U.S. ethanol exports to the European Union (EU) have declined substantially since 2013 due to anti-dumping duties that were put in place during that year. From 2010 to 2012, on average, 25% of U.S. ethanol exports were shipped to EU, whereas from 2013 to 2014 only 5% of U.S. ethanol exports were dispatched to EU. From January to September 2015, U.S. ethanol exports to the EU (25.5 million gallons) fell 38% year-over-year, representing only 4% of the U.S. ethanol exports during the first nine months of 2015.
Exports to other markets have become more relevant. For instance, from January to September 2015, Korea and the Philippines imported 8.1% and 7.6% of the total U.S. ethanol exports during that period, respectively. At the same time, India imported 7.5% of the U.S. ethanol exports from January to September 2015 (see Figure 2).
After the Environmental Protection Agency (EPA) finalized the rule determining the Renewable Fuel Standard (RFS) volumes for 2014 through 2016, the U.S. Energy Information Administration (EIA) modified its ethanol production forecast for 2016. EIA's December 2015 forecast indicates that the average daily production of ethanol will average 0.96 million barrels/day during both 2015 and 2016 compared to 0.95 million barrels/day, the November 2015 forecast for 2016. The latest EIA ethanol consumption forecast for 2015 and 2016 indicates a volume of 0.91 and 0.92 million barrels per day, respectively. With these levels of ethanol consumption, the ethanol share of the total gasoline demand will average 9.9% in 2015 and 10% in 2016. According to EIA, no significant increases should be expected in E15 and E85 consumption in 2015 and 2016.
In summary, four reasons point to constrained growth in the ethanol industry:
- Domestic ethanol consumption is limited by the "blend wall"
- Domestic ethanol consumption is mainly in the form of low blends with gasoline (gasoline blend with up to 10% ethanol)
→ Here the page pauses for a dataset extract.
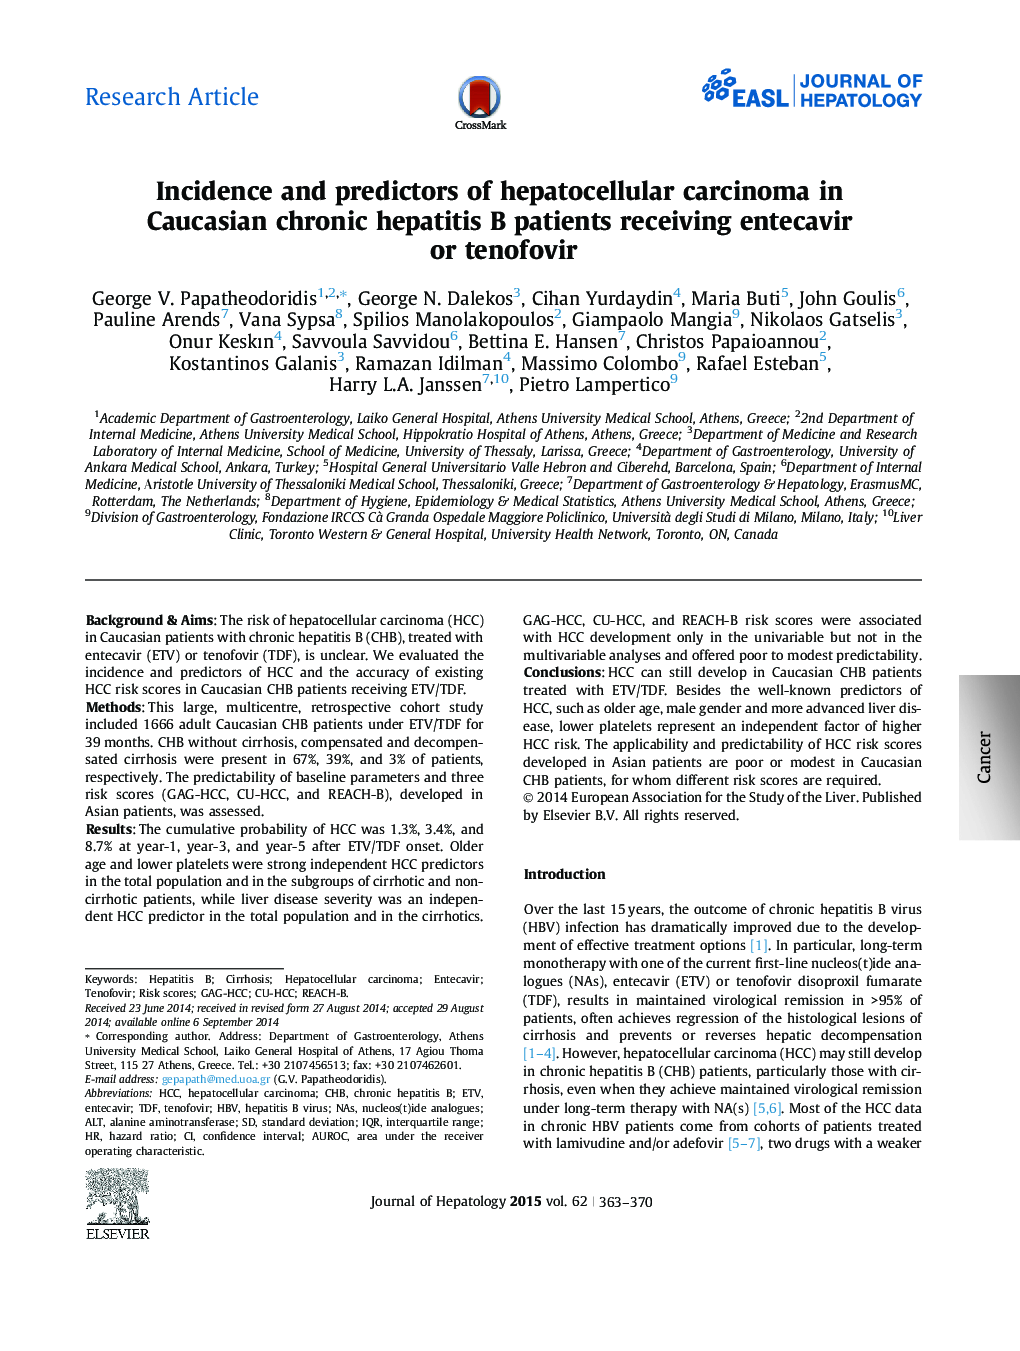 Research ArticleIncidence and predictors of hepatocellular carcinoma in Caucasian chronic hepatitis B patients receiving entecavir or tenofovir

- No substantial growth is expected in the short run in the consumption of E15 and E85
- Potential for ethanol exports expansion to Canada, the main market for U.S. ethanol, seems constrained in 2015 and 2016
In light of the above four points, continuing U.S. ethanol export diversification to different international markets is crucial to the growth of the U.S. ethanol industry.